We were inspired by the problem some people faced at our local nursery home where they had trouble hearing/understanding what we were saying to them when we volunteered.
What it does
The app records what the user says and then converts it to text. Next, the app uses sentiment analysis which can help identify the tone of the speaker (shown through emojis). Moreover, the analysis of key entities with the google natural language API allows for the selection of key terms. These key terms are then used by the Giphy API to find relevant gifs which can portray what the speaker is saying to the listener.
How we built it
We first built a basic Android app. We then used speech converters to allow the phone to understand what we were saying. Then, the words were analyzed through Google Cloud Platform. The keywords were then analyzed and then searched in Giphy. The words were then used to calculate the overall mood of the speaker using the Google Sentiment API.
Challenges we ran into
-learning Google cloud platform -we had to abandon our first idea leaving us with less time than we would have liked -food (we're picky eaters)
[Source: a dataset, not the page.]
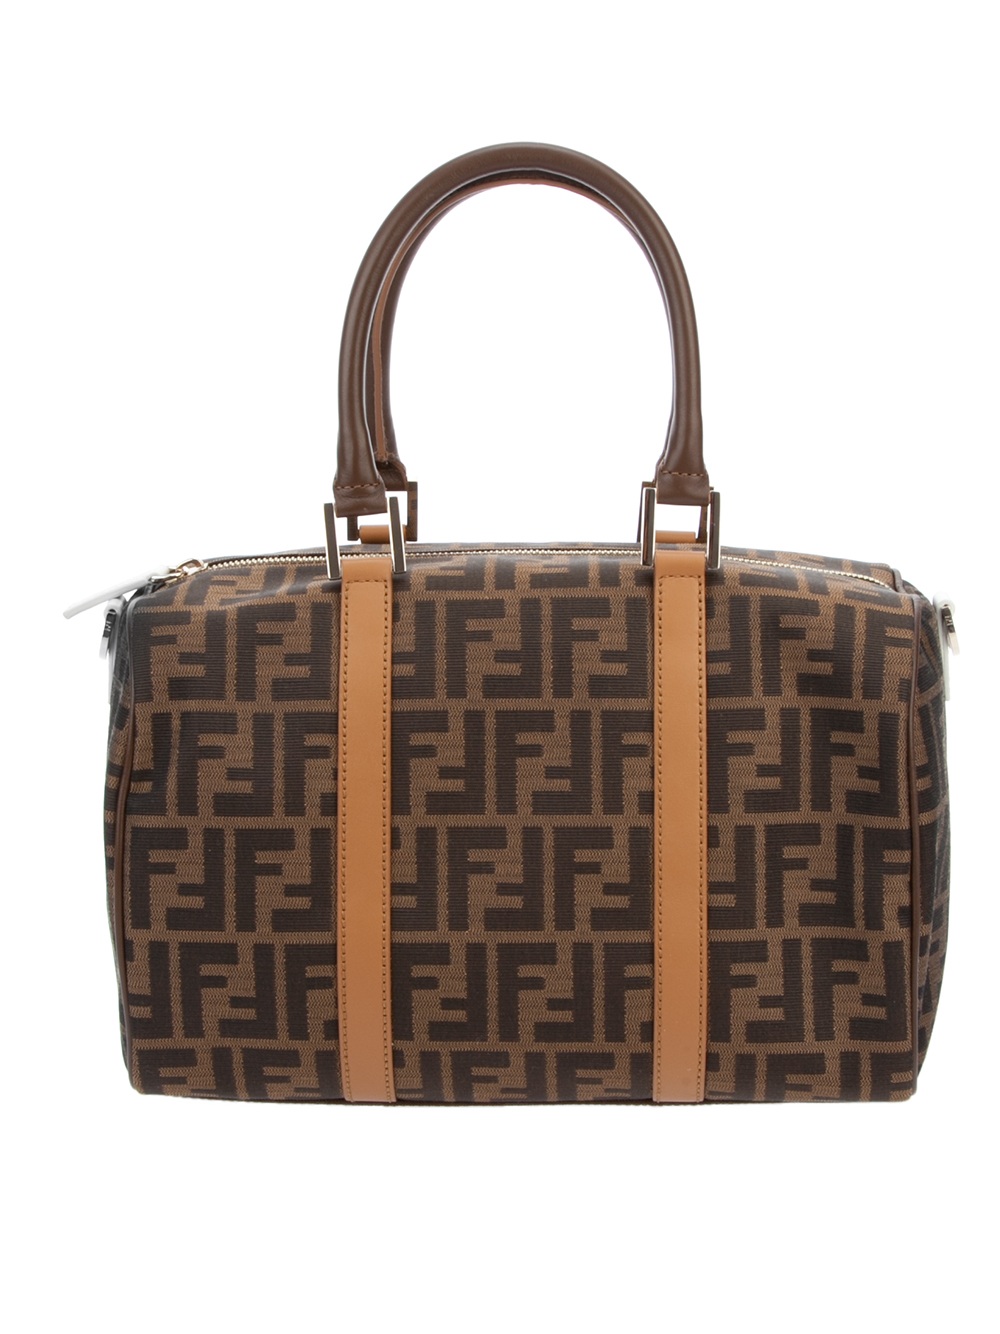 Lyst - Fendi Monogram Bag in Brown
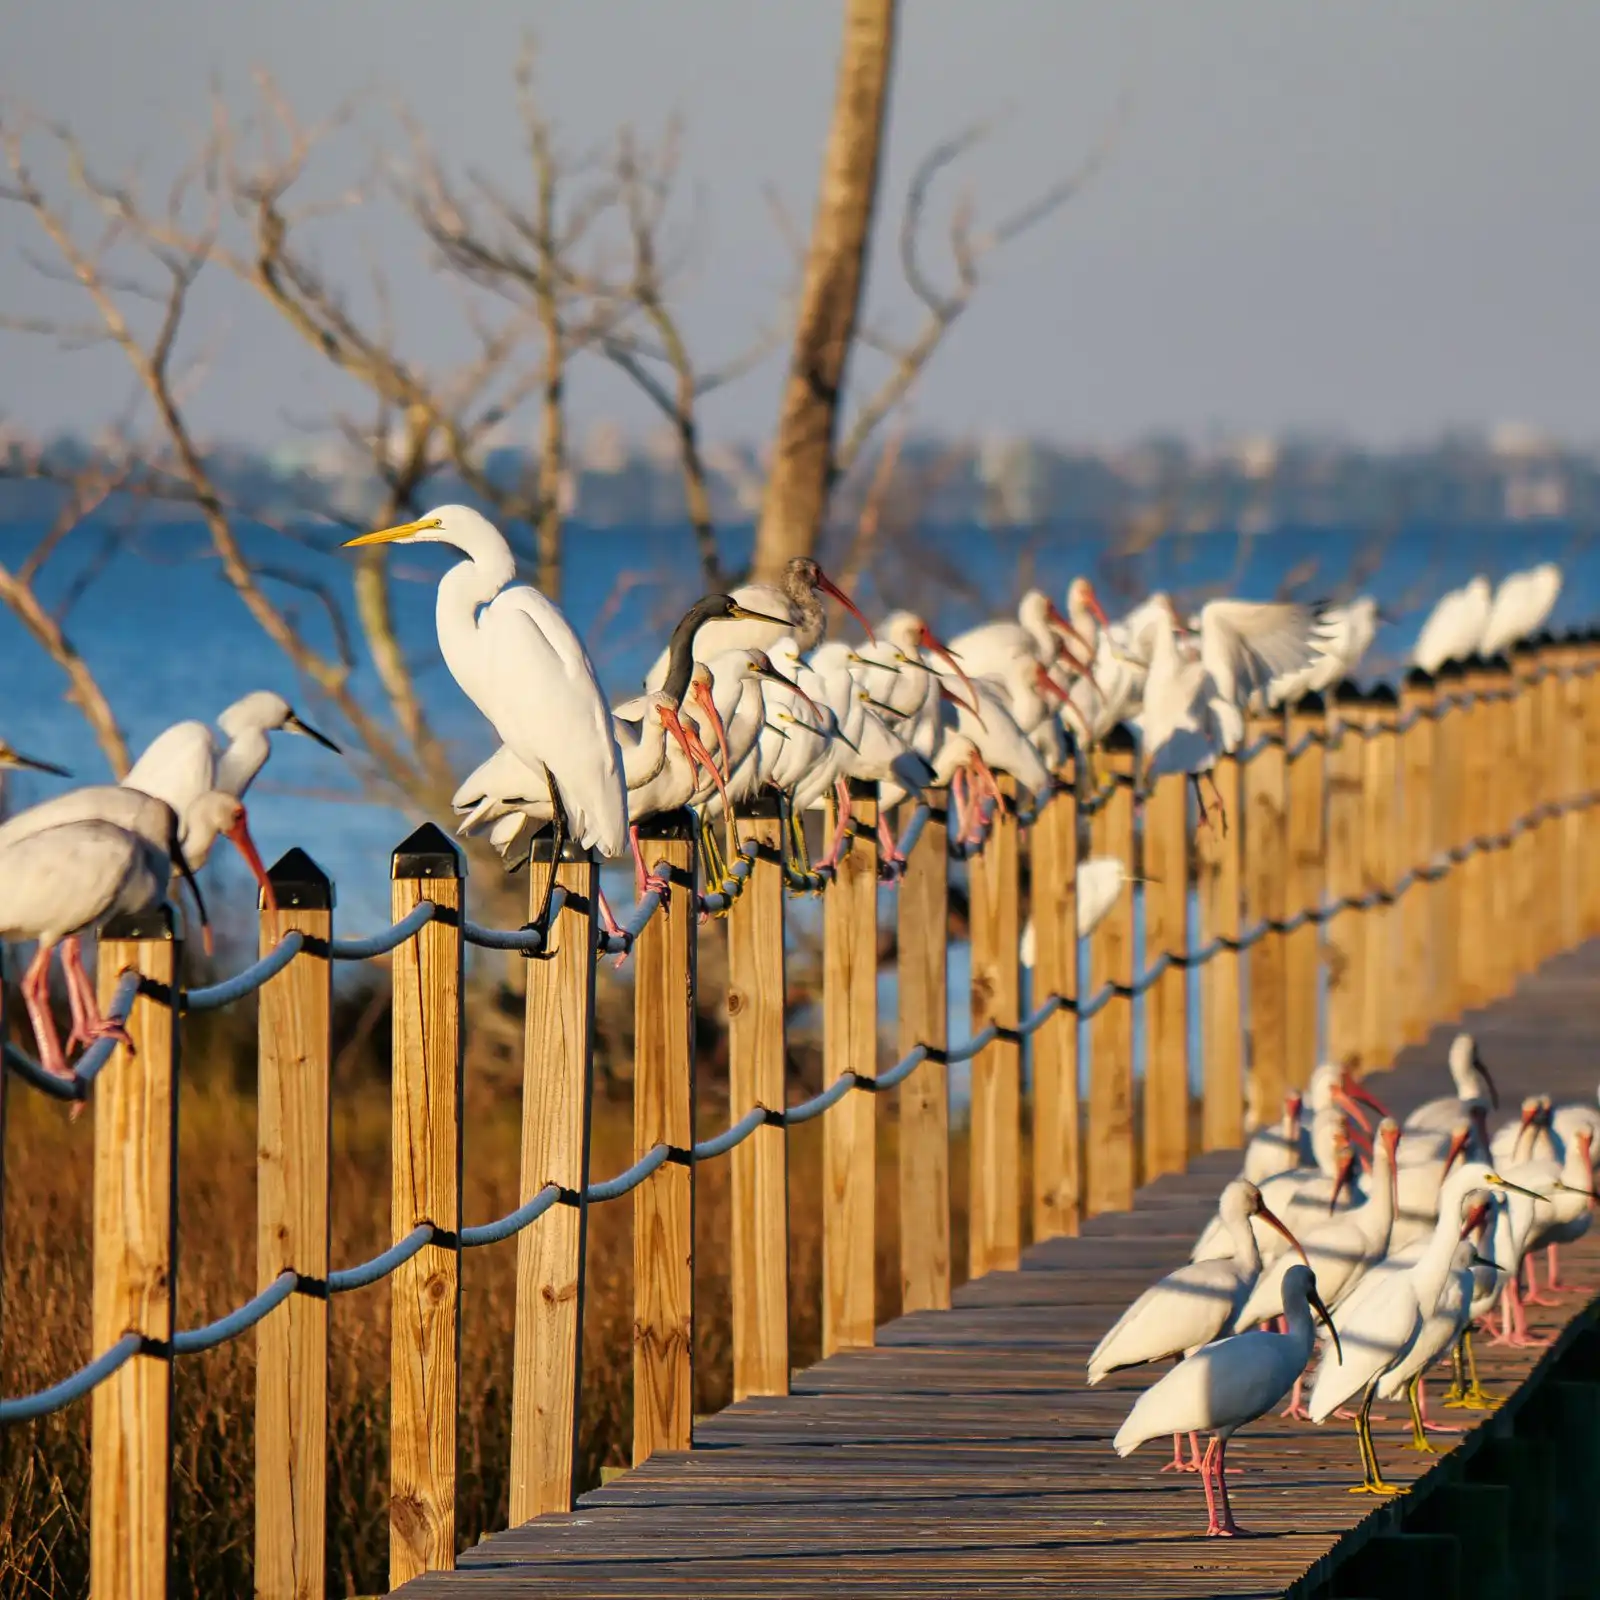 Birds flock lands on pier

Accomplishments that we're proud of
-using APIs for the first time -using cloud platform for the first time -using machine learning for the first time -first Android app
What we learned
-Google cloud platform/APIs -machine learning
What's next for GifLang
Making the project more precise by using Google Syntax Analysis instead of Google Entity Analysis. This API would allow for specific phrases to be searched instead of singular words. Also we could add more languages by using the Google translator API. Moreover, we could add more emojis and make the conditions more specific so the emotions can be more accurate.